Manovra, rinnovati fondi per farmaci innovativi oncologici e non

Barsaba Taglieri
Ottobre 28, 2019

Lo ha annunciato il viceministro alla Salute, Pierpaolo Sileri, intervenendo al XXI Congresso nazionale dell'Associazione italiana di oncologia medica (Aiom). "Questo per i pazienti significa garanzia che in quei centri possono ottenere il miglior trattamento". Nello specifico, saranno stanziati 500 milioni di euro per ogni annualità.

"Gli investimenti sulle Car-T sono solo un inizio" ha commentato il viceministro Sileri", quanto ai tempi, il "2020 è vicinissimo, passerà la finanziaria e il prossimo anno siamo già a lavoro e operativi", ha concluso.

A sollecitare la conferma del fondo era stata in mattinata proprio la presidente dell'Aiom, Stefania Gori, che aveva sottolineato che "nel 2018, il limite di 500 milioni di euro (del fondo per gli oncologici, ndr.) è stato sforato, infatti la spesa per i farmaci oncologici innovativi con accesso al Fondo è stata pari a 657 milioni".
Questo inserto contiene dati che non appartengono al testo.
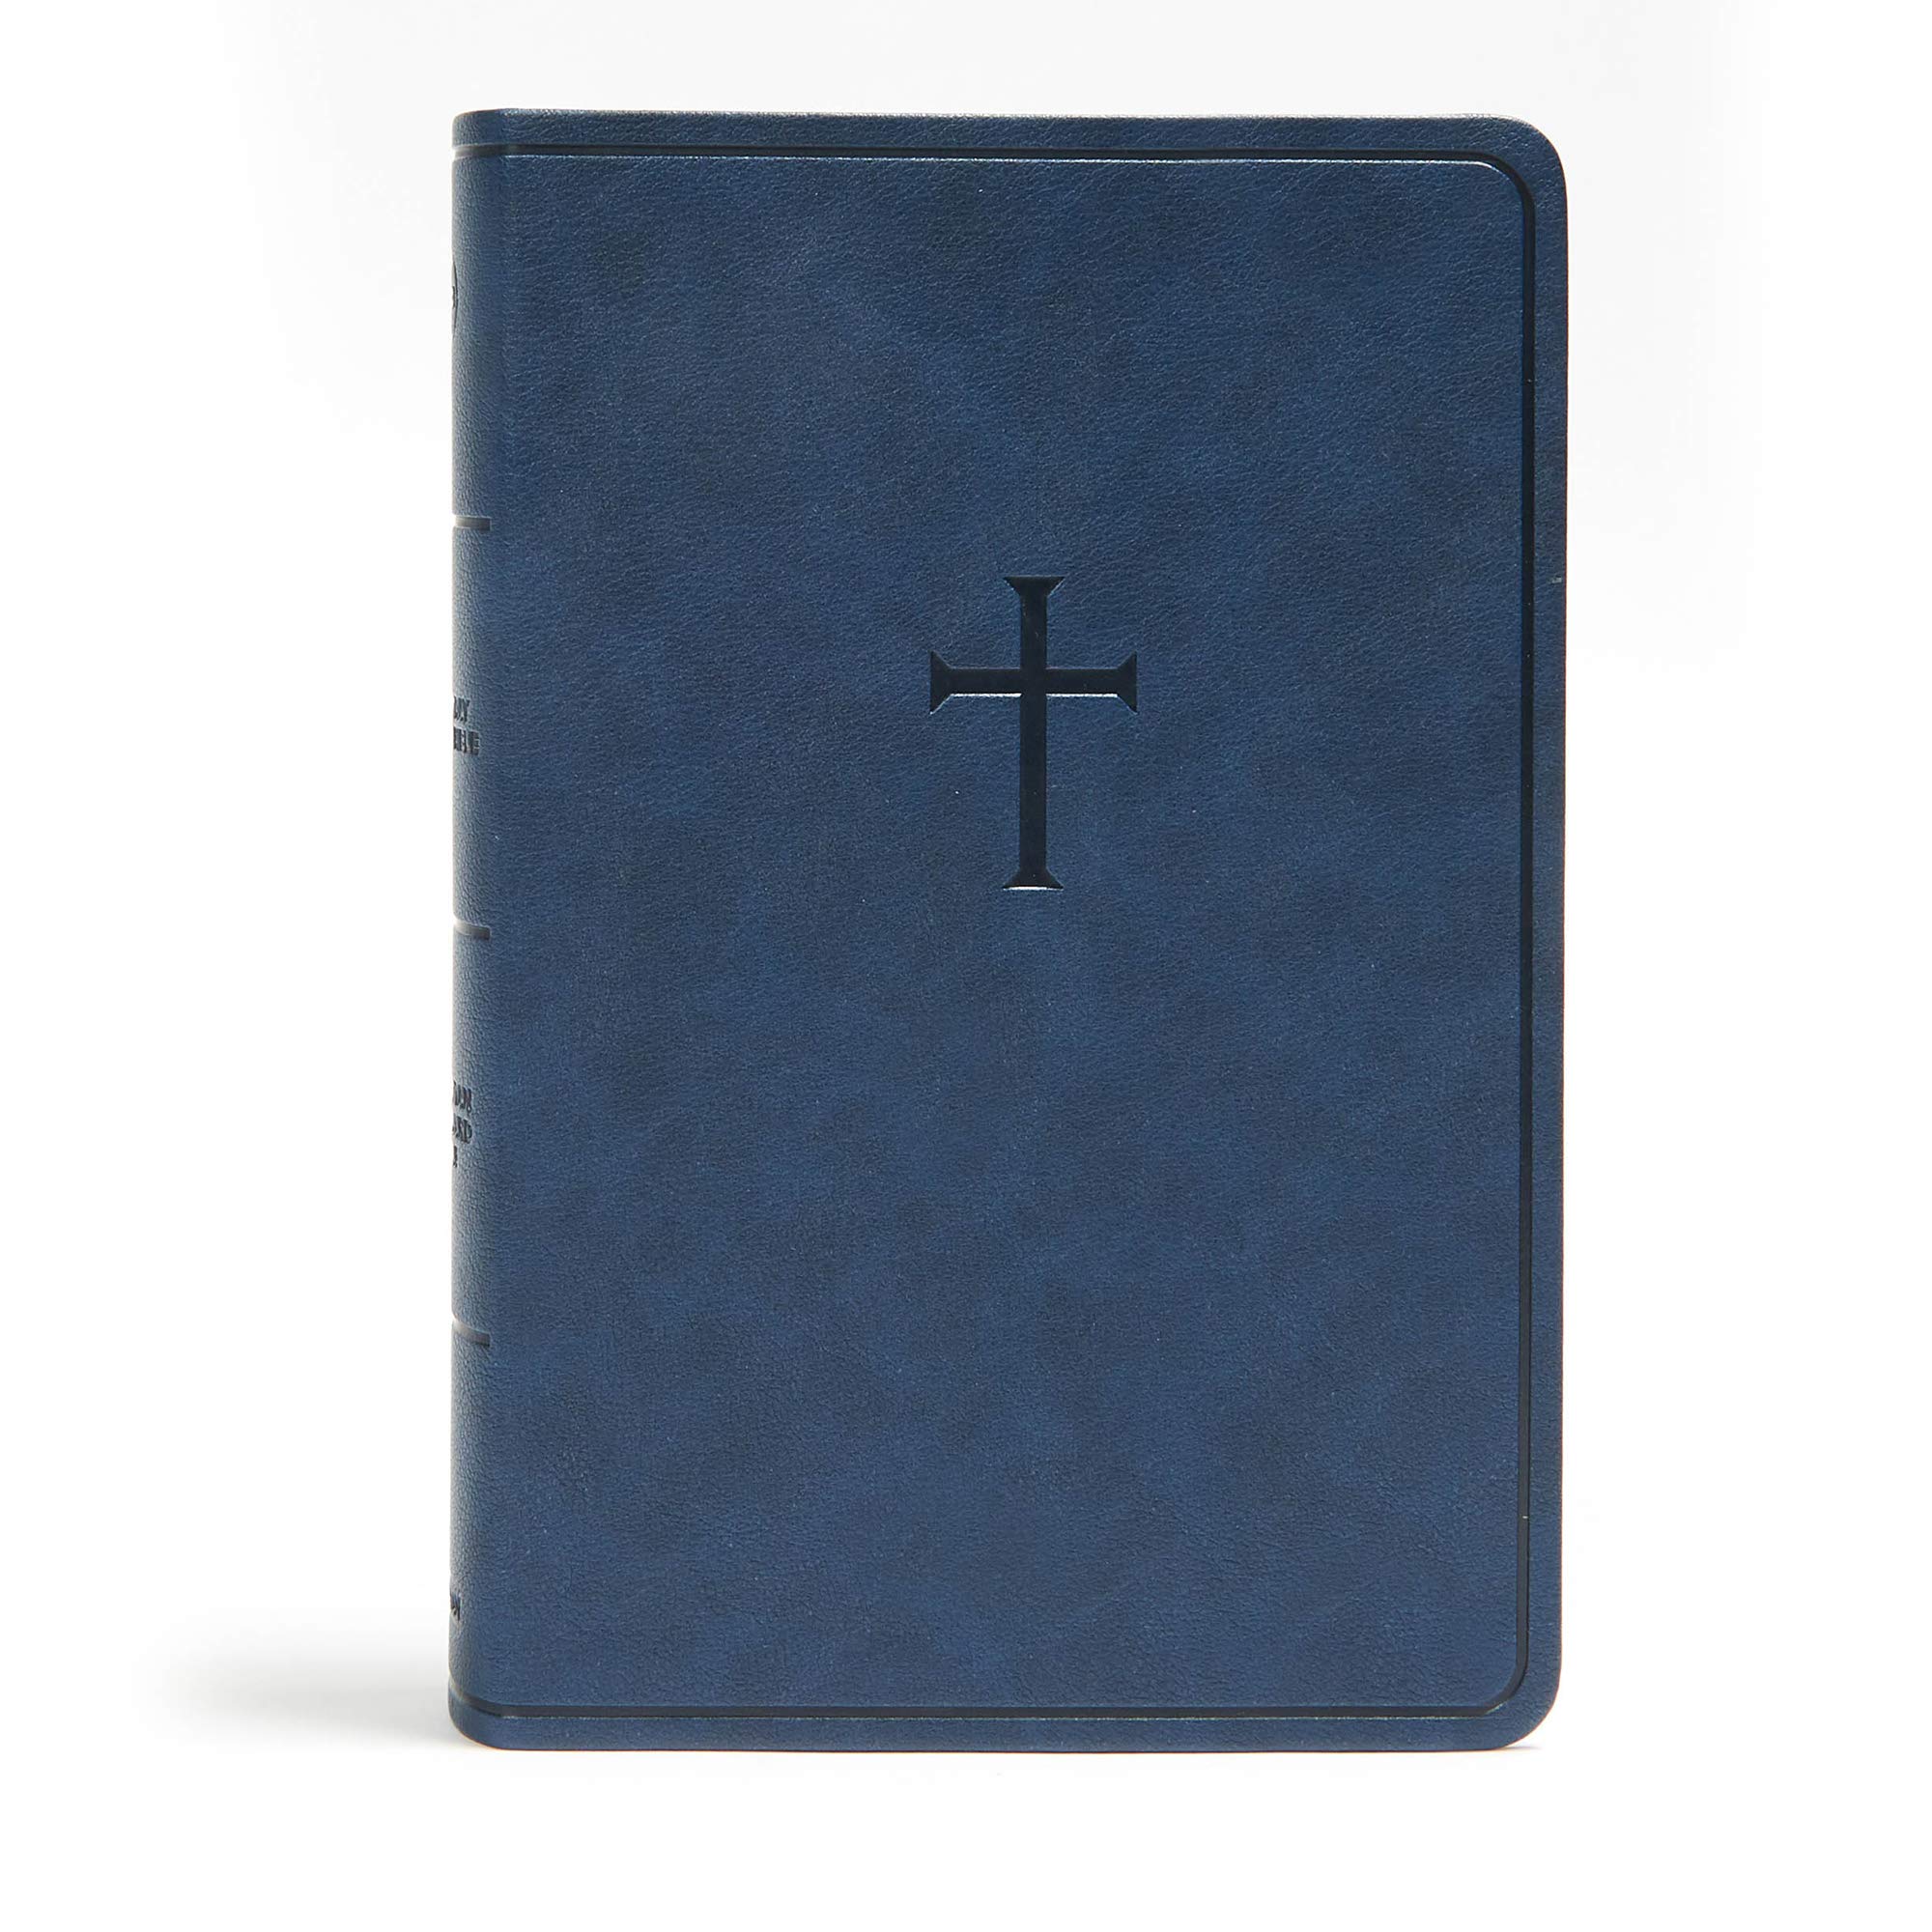 CSB Everyday Study Bible, Navy Cross LeatherTouch, Black Letter, Study Notes, Illustrations, Aricles, Easy-to-Carry, Easy-to-Read Bible Serif Type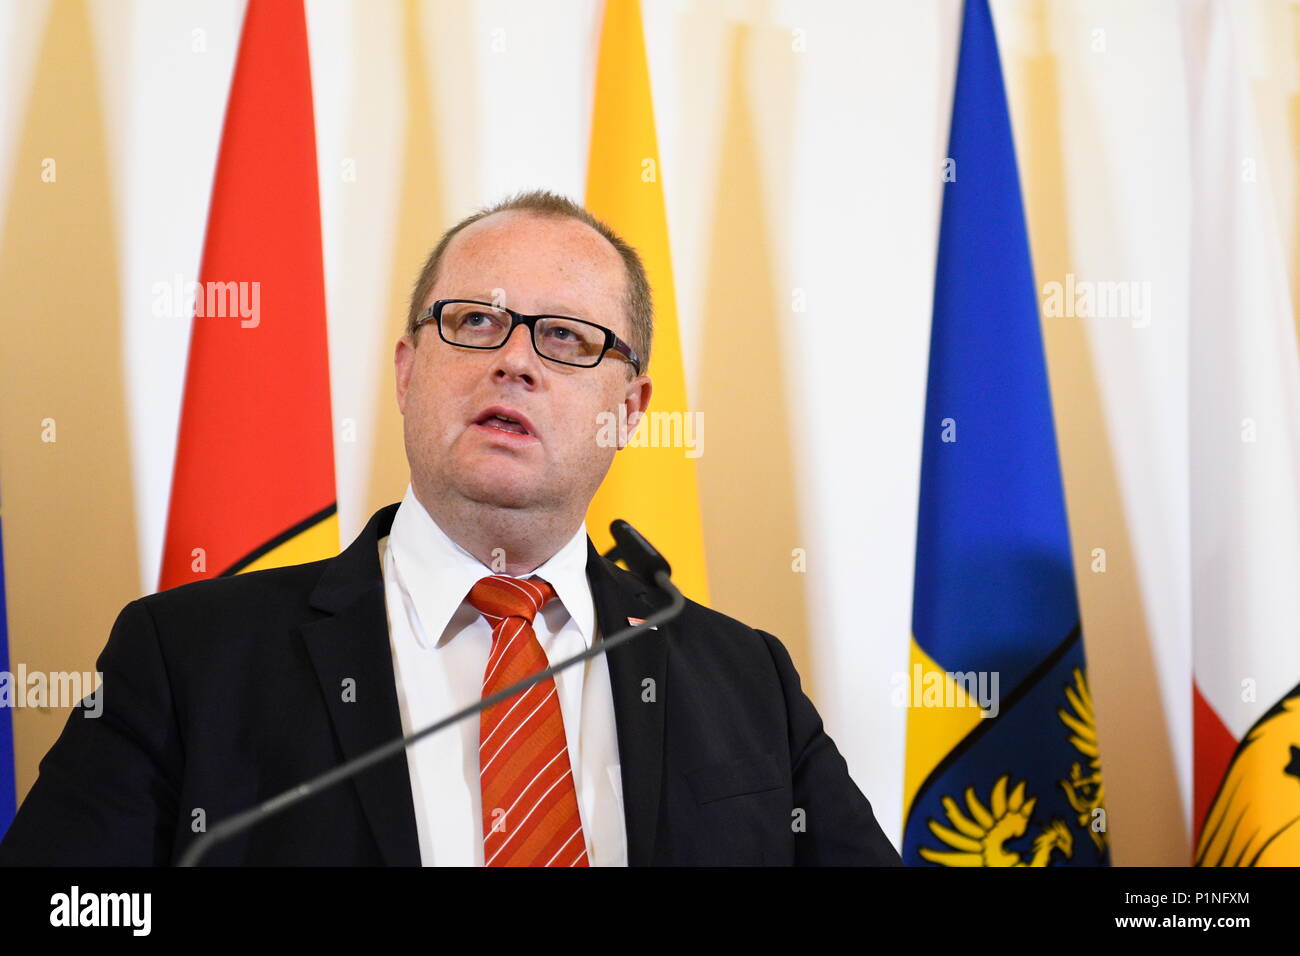 Vienna, Austria. June 13, 2018. Ministerial Council of the Austrian Federal Government in the Federal Chancellery in Vienna.  Picture shows State Secretary in the Federal Ministry of Finance, Hubert Fuchs.    Credit: Franz Perc / Alamy Live News Stock Photo

"Il fondo per i farmaci oncologici innovativi sarà rinnovato per il triennio".

"Per le terapie innovative troveremo finanziamenti e le renderemo sostenibili e soprattutto accessibili a tutti coloro che ne hanno bisogno, purché non si generino dispersioni con centri che nascono come 'funghi' ma che poi non sono in grado di portare a termine i risultati".

Rispetto poi alla questione dell'aumento della spesa per i farmaci, Sileri ha sottolineato come sia "necessario un maggiore coinvolgimento di tutti gli attori del sistema".

Secondo Sileri, inoltre, altrettanto "fondamentale è che i risparmi derivati vengano reinvestiti sempre nella Sanità e nello stesso ambito dove il risparmio si è realizzato".